Прошло десять минут, двадцать, полчаса. Через тридцать семь с половиной девушка подняла глава и сказала:
— Извините. Я веду себя как эгоистка.
Мы уверили, что все в порядке. Я осведомился о ее самочувствии.
— Что-то, боюсь, в сон клонит, — призналась она.
— У вас не сложилось впечатления, что мысли отнимают много умственной энергии?
— Не сказать чтобы. Не очень на то похоже. Это такой самозаряжающий процесс. Только я к нему не привыкла.
Литтлуэй: — Когда вы рассчитываете остановиться?
Пациентка: — Минут через пять, если не возражаете.
Литтлуэй: — Я понимаю, вам очень непросто описать свое теперешнее умственное состояние. Но, может, попытаетесь все-таки?
Пациентка: — Попытаюсь. Только суть здесь на самом деле не в описании. Это не принципиально. Важно то, что я сейчас сознаю.
Я: — Что вы сознаете?
Пациентка: — Что-то, о чем я всегда знала и во что мне верилось... Проще всего, наверное, будет сказать: поэты во все времена были правы. Я всегда любила музыку, поэзию, живопись, только на самом деле никак не понимала, что же они пытаются до меня донести. А донести они пытались вот что: в конечном счете именно большое, а не малое сохраняет достоверность (здесь примерно минутная пауза). Это же все, наверное, ужасно просто. Люди — по крайней мере, подобные мне — действительно бьются над ответом, стоит ли все оно того; есть ли и вправду какой-то прок от поэзии и музыки или это все так, подслащенная оболочка пилюли. Но мы всегда так безнадежно утянуты в круговерть обыденщины, что возможность толком рассудить так никогда и не появляется. Обыденщина загораживает вид. Великие поэты — они как оптимисты, которые без устали твердят: лучшие времена грядут. А мы в глубине души им не верим... Поэтому рутина тянет нас вниз, и хочется умереть, чтобы тебя не стало.
Я (перебиваю): — Как бы вы относились к смерти, если б всегда могли видеть дальше очерченного рутиной круга?
Пациентка (пауза): — Не знаю. Я думаю, смерть неизбежна. Но самоубийств бы не было, потому что... ну, это было бы ясно как на ладони. До вас бы дошло, чего бездумно лишаешься этим самым самоубийством. Только нам не хватает храбрости, потому и умираем...

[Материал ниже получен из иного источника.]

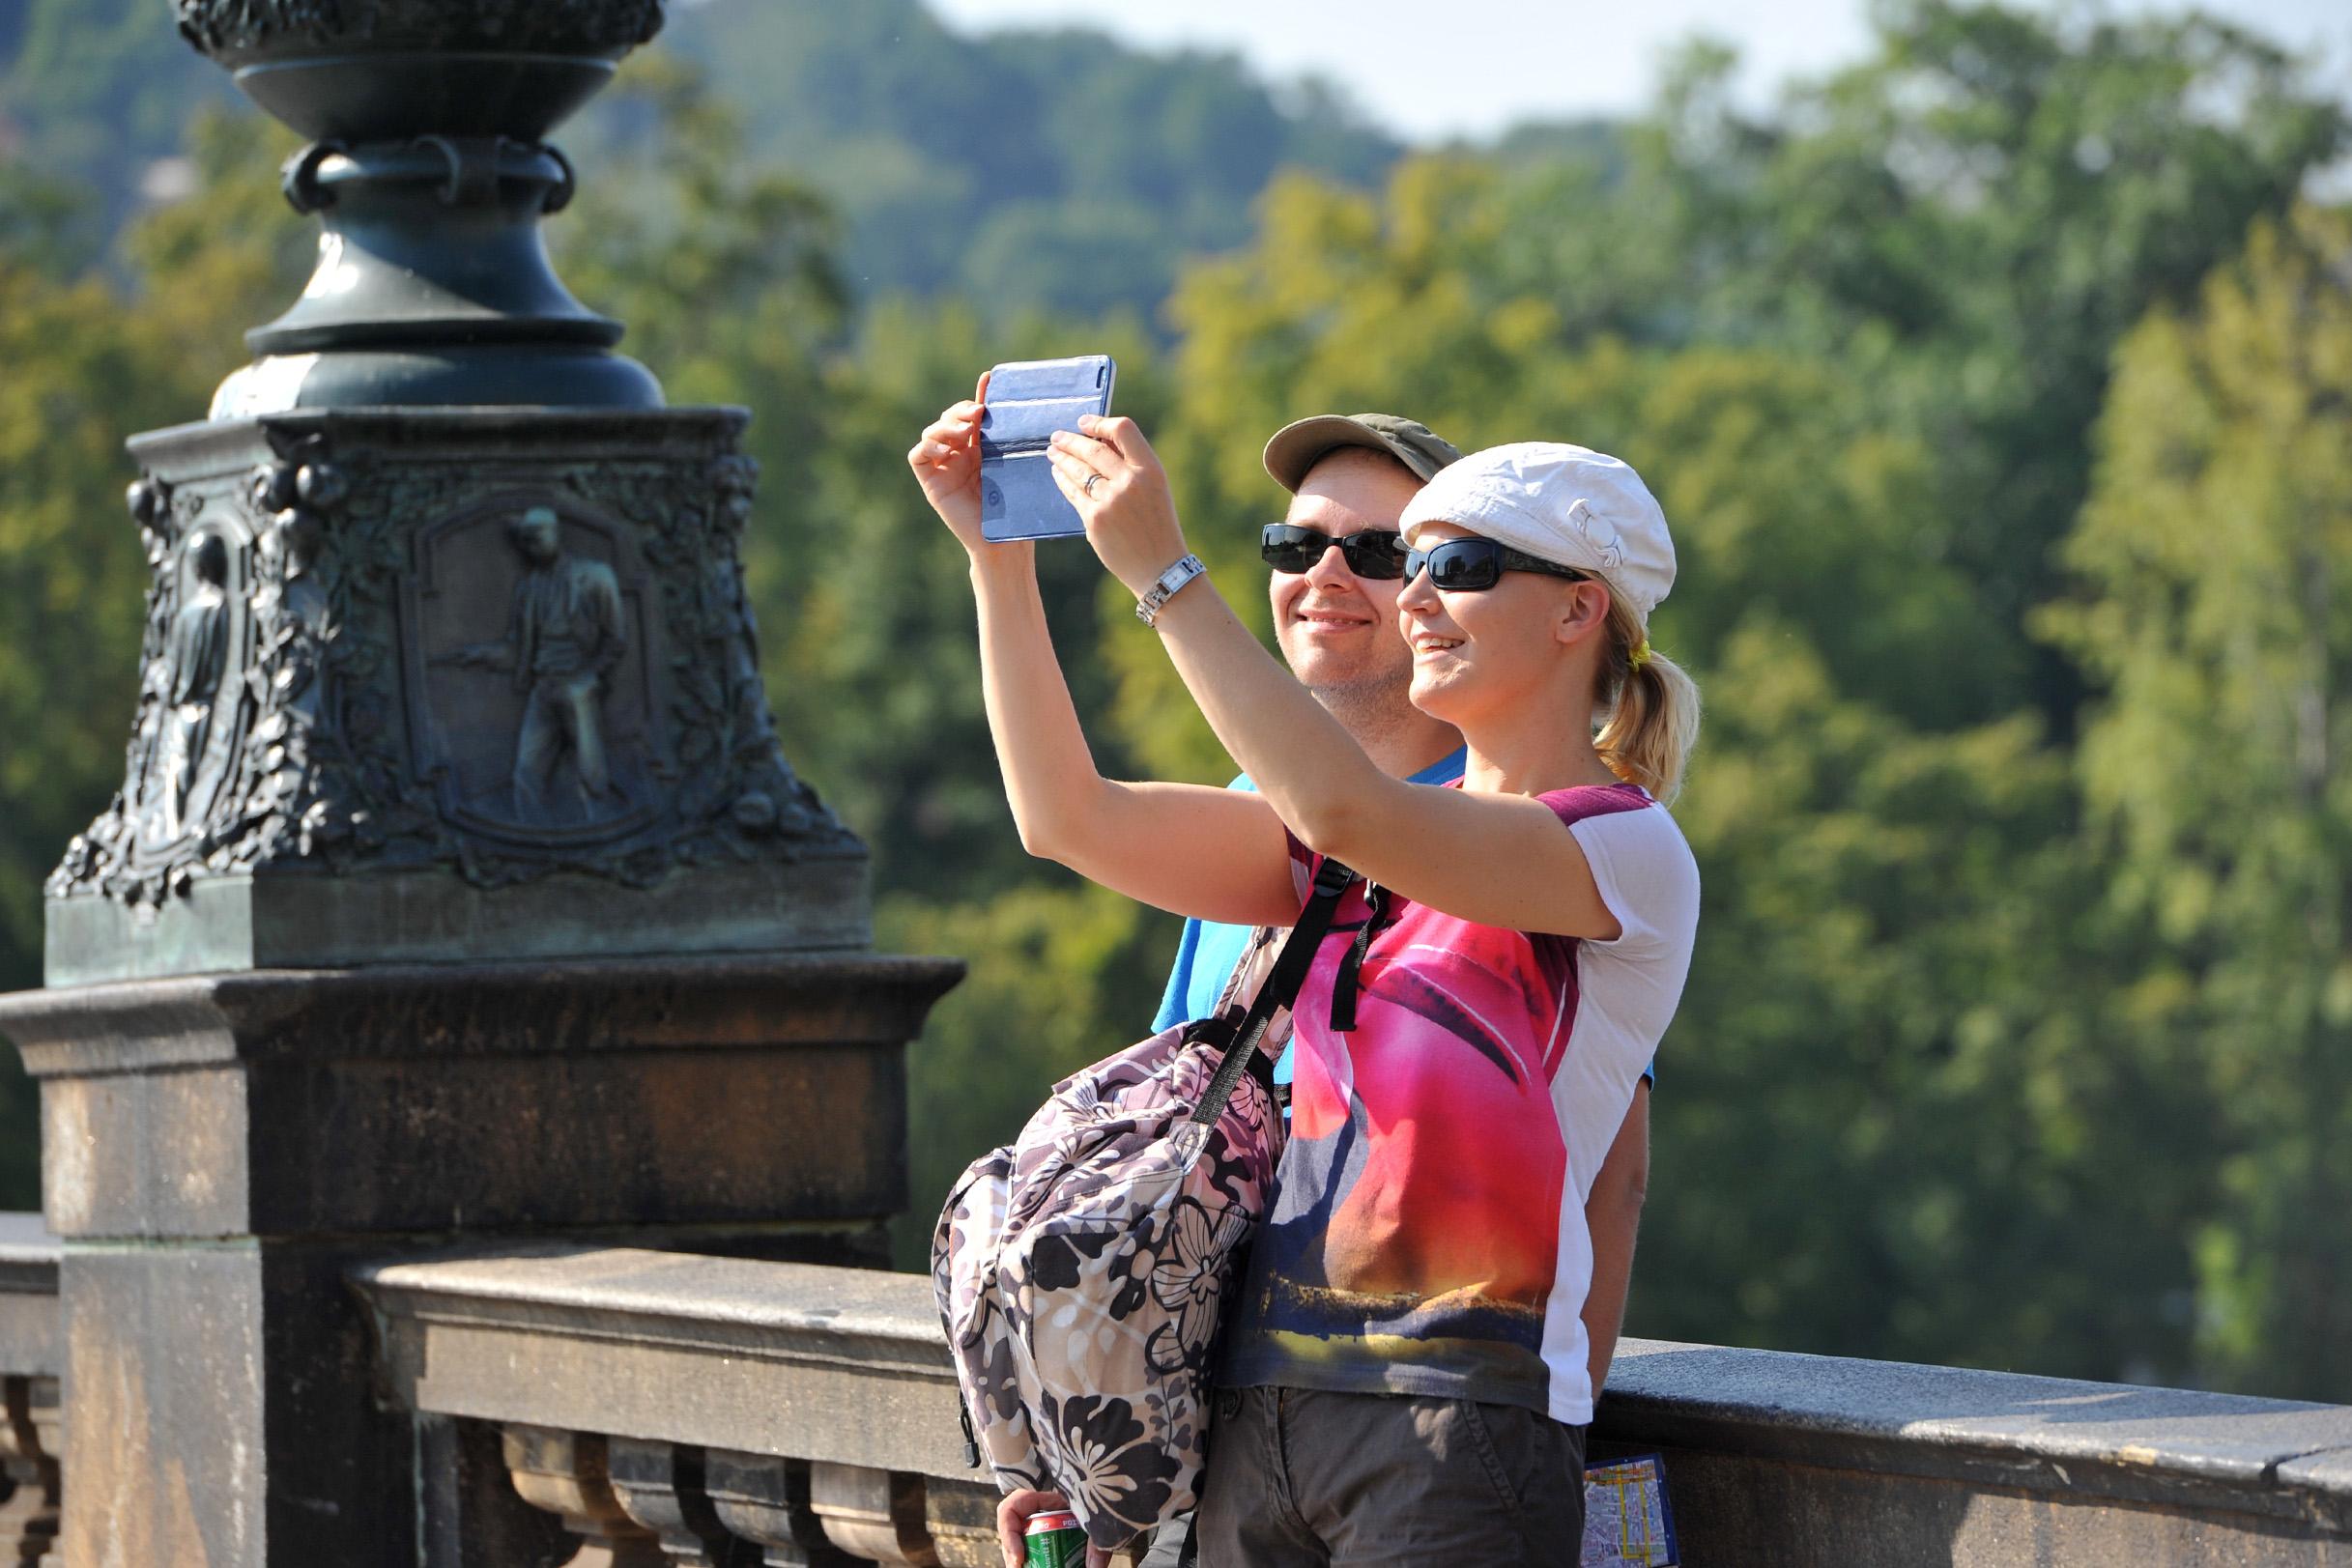 turisismus, turista, mobil, focení selfie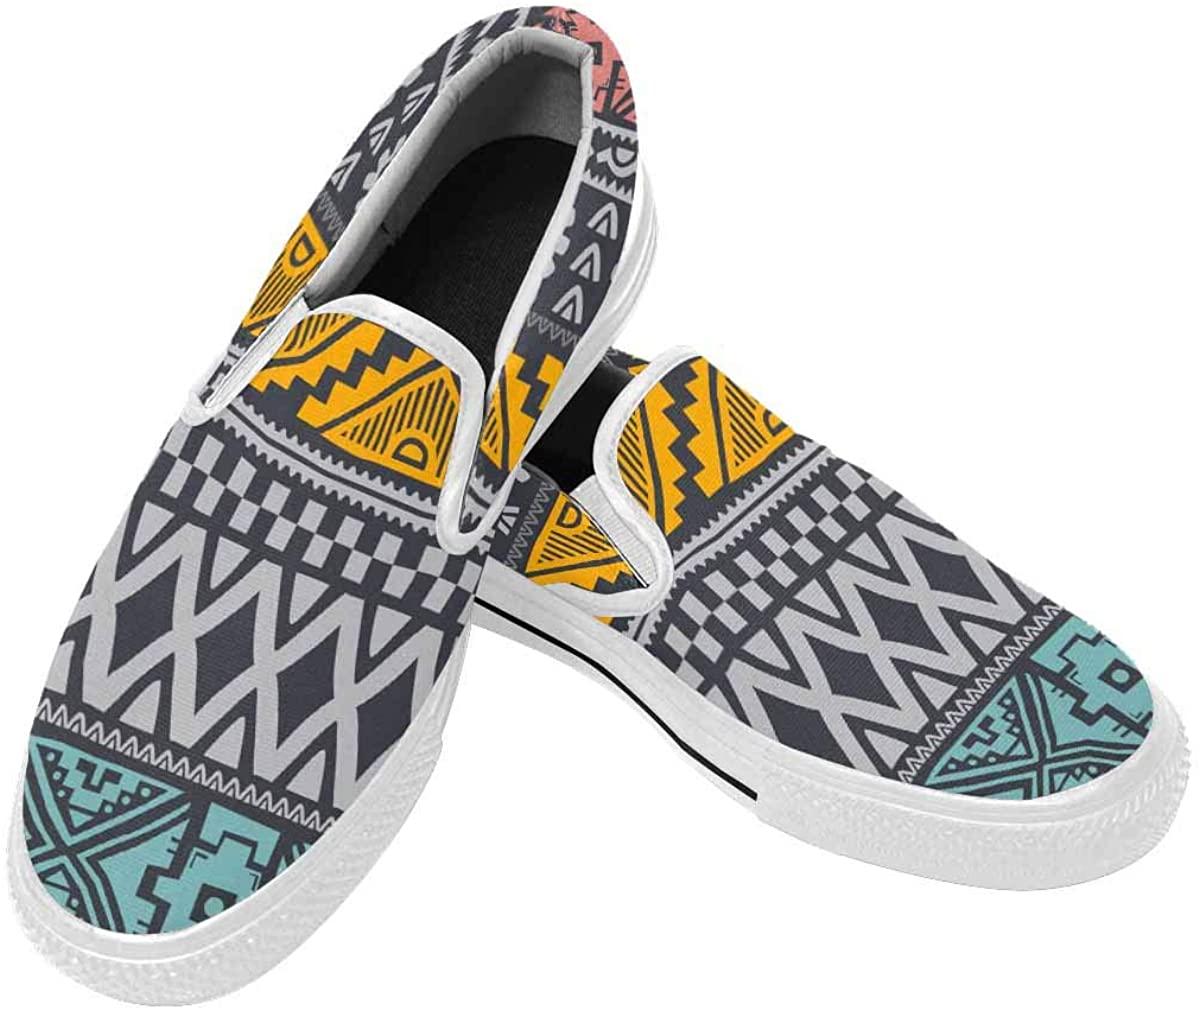 InterestPrint Canvas Lightweight Sneakers Slip-On Walking Casual Shoes foe Men Native Tribe Pattern

Лицо Хонор на миг исказила боль, и она выдавила из себя:
— Саднить начинает.
Мы выключили реостат, отсоединили электроды и помогли ей перебраться в кресло. Едва успев сесть, девушка заснула. От меня не укрылось, что румянец не сходит с ее щек.
Понятное дело, меня теперь заботило в основном то, как скоро можно будет прибегнуть к операции. А вот Литтлуэй воспринимал эту затею без особого удовольствия. Начать с того, что коренные изменения в поведении произошли у Лонгстрита. Раньше от него буквально отбоя не было, настолько он навязывался для дальнейших экспериментов. Теперь им овладела апатия. Когда я однажды его на этот счет спросил, он ответил:
— Я б лучше жил как жил. В конце концов, чего уж я такого плохого натворил, а?
— А дочь ваша? — вставил Литтлуэй.
— Ну и что, ей разве плохо было? Она сама тоже тащилась. Тогда только сказала, что нет, когда люди пронюхали.
Литтлуэй воспринял это как признак рецидива. До операции Лонгстрит искренне каялся в содеянном кровосмесительстве, говорил, что был, видимо, не в своем уме, когда совершил его. Теперь же складывалось впечатление, что при возможности он и снова этим займется. Младшая дочь Лонгстрита — девица двадцати трех лет — отличалась на редкость низким уровнем интеллекта.
Мной беспокойство владело не в такой степени. Я догадывался, что Лонгстрит, видимо, о содеянном на самом деле никогда и не сожалел и теперь говорит начистоту. Кроме того, чувствовалось, что «рецидив» Лонгстрита отчасти можно объяснить и умственным истощением. Мозг постоянно был на взводе, как пружина, теперь он просто отходил в прежнее положение.
Беспокоило Литтлуэя и то, что Хонор Вайсс по мере увеличения числа тестов тоже стала выказывать все больше и больше напряжения. Спазмы наступали уже в считанные секунды после начала сеанса, Кусочек сплава к этому времени уже вышел из мозга, как и у Лонгстрита.
Однажды вечером мы с Литтлуэем за ужином об этом поспорили, Он утверждал, что операция может оказаться опасной, напомнил о Дике О'Салливане с его опухолью мозга, спросил, чем я могу объяснить головные боли Хонор Вайсс. Я согласился, что толком ничем, но заметил, что выяснить существует лишь один способ: кому-то из нас двоих подвергнуться операции. Литтлуэй заспорил, что требуются еще тесты и тесты, на что я сказал, что весь необходимый материал у нас уже собран, и теперь пора узнать именно то самое «почему», а не «как». И он, наконец, согласился.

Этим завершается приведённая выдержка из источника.